Соображение Блаженного Августина о том, что в сердцевине преступления зияет пустота, приемлемо лишь отчасти — оно учитывает только точку зрения потерпевшей стороны. Пустившийся во все тяжкие ощущает нехватку жизненного времени, подобно любому из смертных.В отличие от прочих, он, однако, находит выход из цейтнота не в чем ином, как в присвоении себе такой привилегии, которая позволяет ему властвовать над смертью Другого (или, по меньшей мере, ввергать Другого в состояние недостачи). Преступник испытывает особую эмпатию, не пониженную, как полагают психокриминологи, а повышенную — он способен вчувствоваться в Другого даже тогда, когда того как бы нет. В танатологическом сопереживании Другому преступник возмещает собственную финальность, попирает свою смерть чужой, надеется выиграть для себя время, убывающее у сопряженного «я». Управляя Танатосом, он, как ни парадоксально это звучит, самоубийствен применительно к своей жертве. Такое остраненное самоубийство переносит индивида за порог его будущего отсутствия. Исламистские террористы-смертники — из того же ряда: ведь им грезится ожидающее их райское блаженство. Какой бы ни была фактическая нажива преступника, его всегдашнее сокровенное приобретение — нейтрализованное Ничто. Оно ни praesentia, ни absentia — и потому дерзость, риск, головокружительное упоение лихостью; оно несказуемое пребывание в небытном — и потому противозаконный поступок скрытен даже в условиях, когда за ним не маячит угроза возмездия, как во многих случаях государственного произвола.

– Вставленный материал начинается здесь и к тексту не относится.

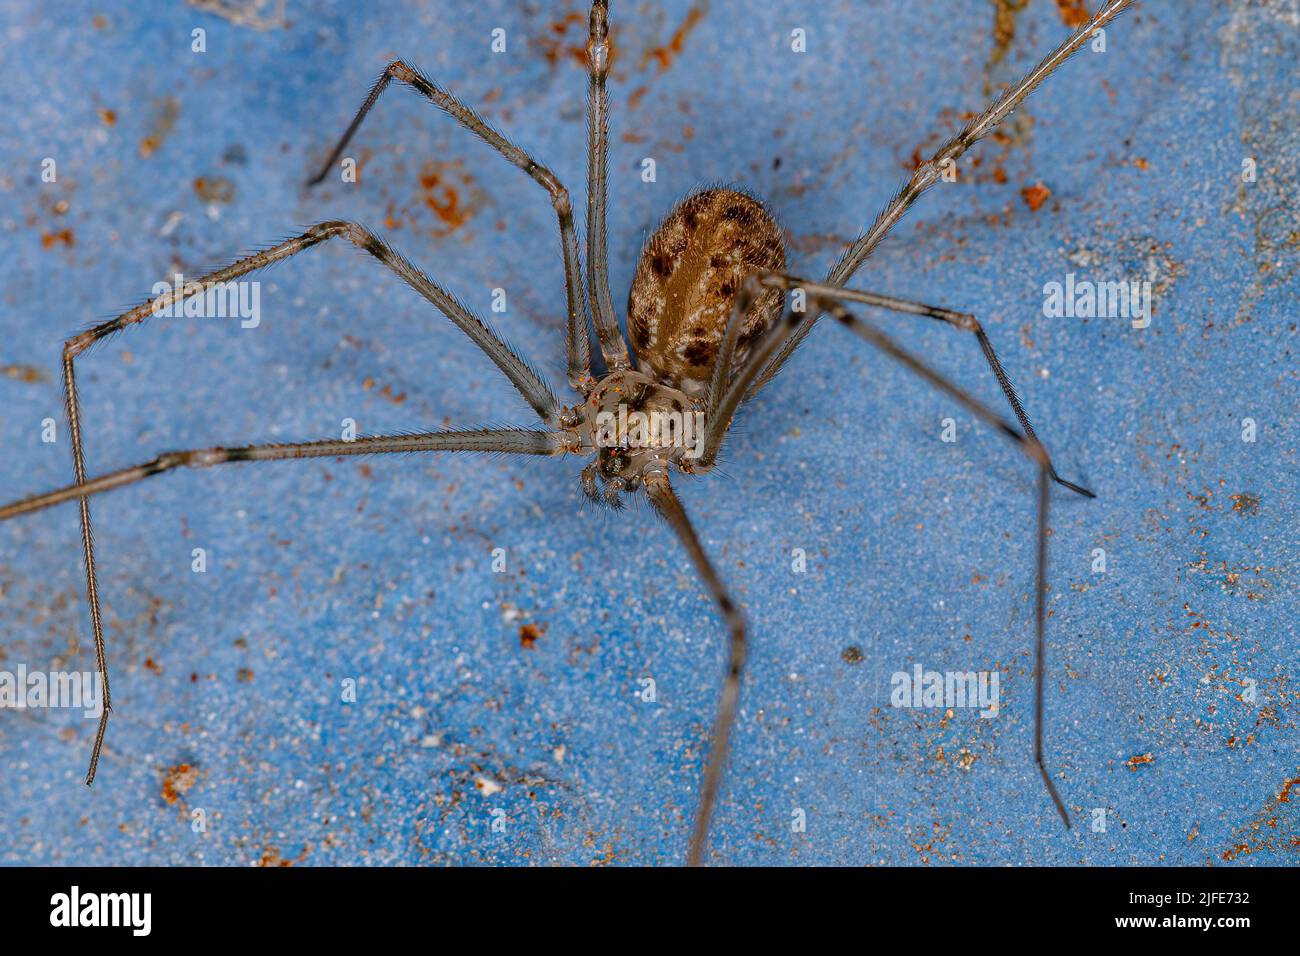 Adult Male Short-bodied Cellar Spider of the species Physocyclus globosus Stock Photo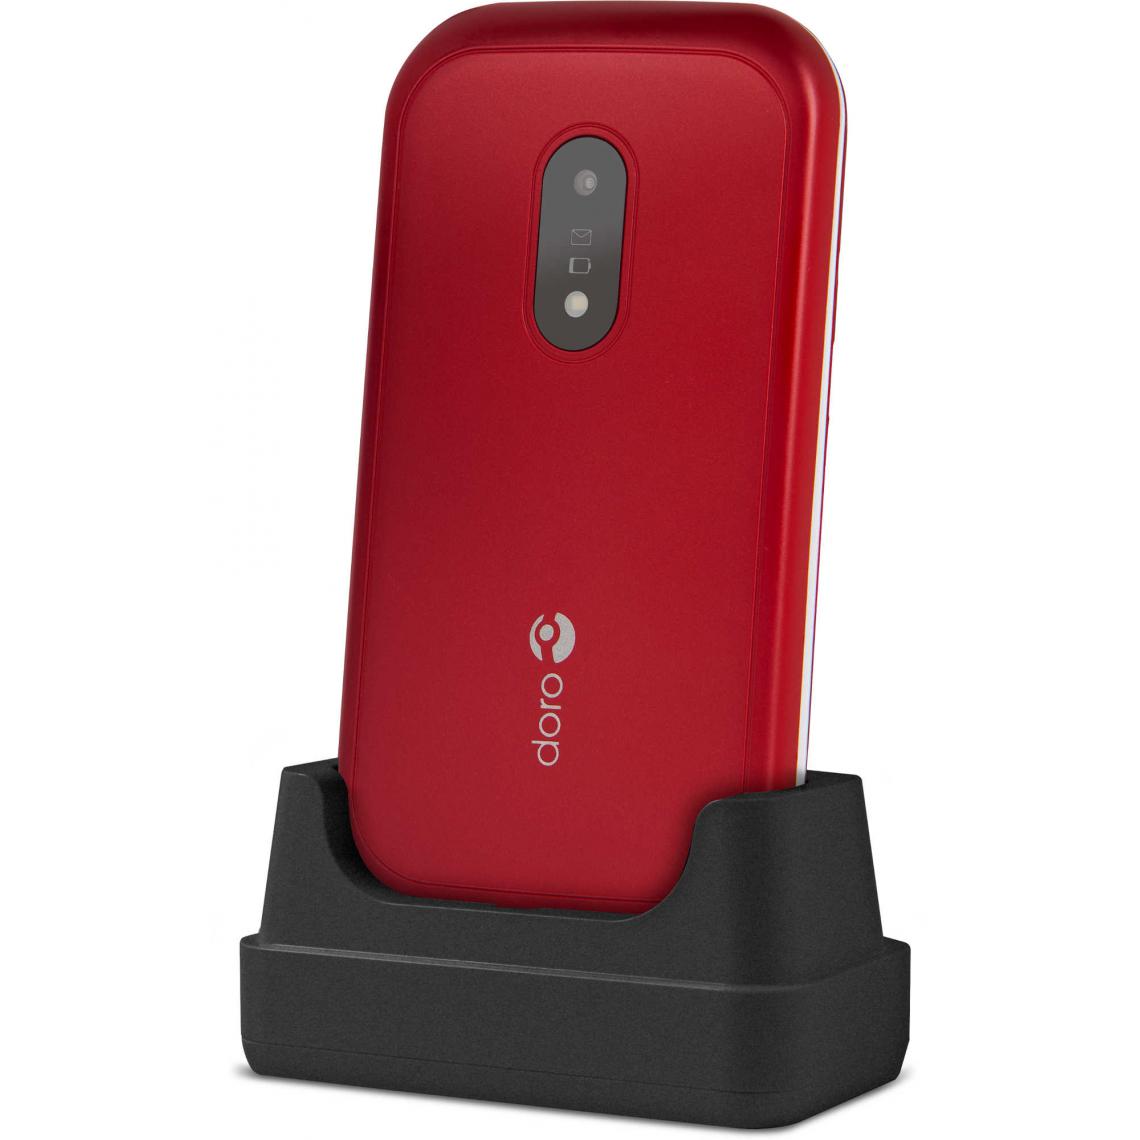 Doro - Téléphone mobile DORO 6040 ROUGE - Smartphone Android

К узурпированию чужого времени субъект побуждается расстройством биографической связности, разрывом в персональной истории, отпадением от прежнего «я»-образа. Пассивное отношение к такого рода амнезии делает нас конформистами, безропотно соглашающимися с текущим положением дел, с темпоральным контекстом. Активное преодоление беспамятства ведет к преступной компенсации дефицита за счет окружающих, расстающихся с привычным распорядком жизни, если не с ней самой. Ситуации, в которых будущему делинквенту приходится терять себя и свое прошлое, весьма разнообразны. К ним принадлежат: отчаяние неудачников, алкогольный делириум, явление эротической телесности у подростков, миграция, всяческие сшибки эпох. Чем резче переход общества от прошлого к настоящему (например, в послевоенные и по-революционные периоды), тем более массовой становится криминогенность (подчас в ней проступают черты социально-политического протеста, как то было в годы хрущевской «оттепели», когда приказному хозяйствованию бросила вызов чрезвычайно распространившаяся в больших городах Советского Союза контрабанда — фарцовка).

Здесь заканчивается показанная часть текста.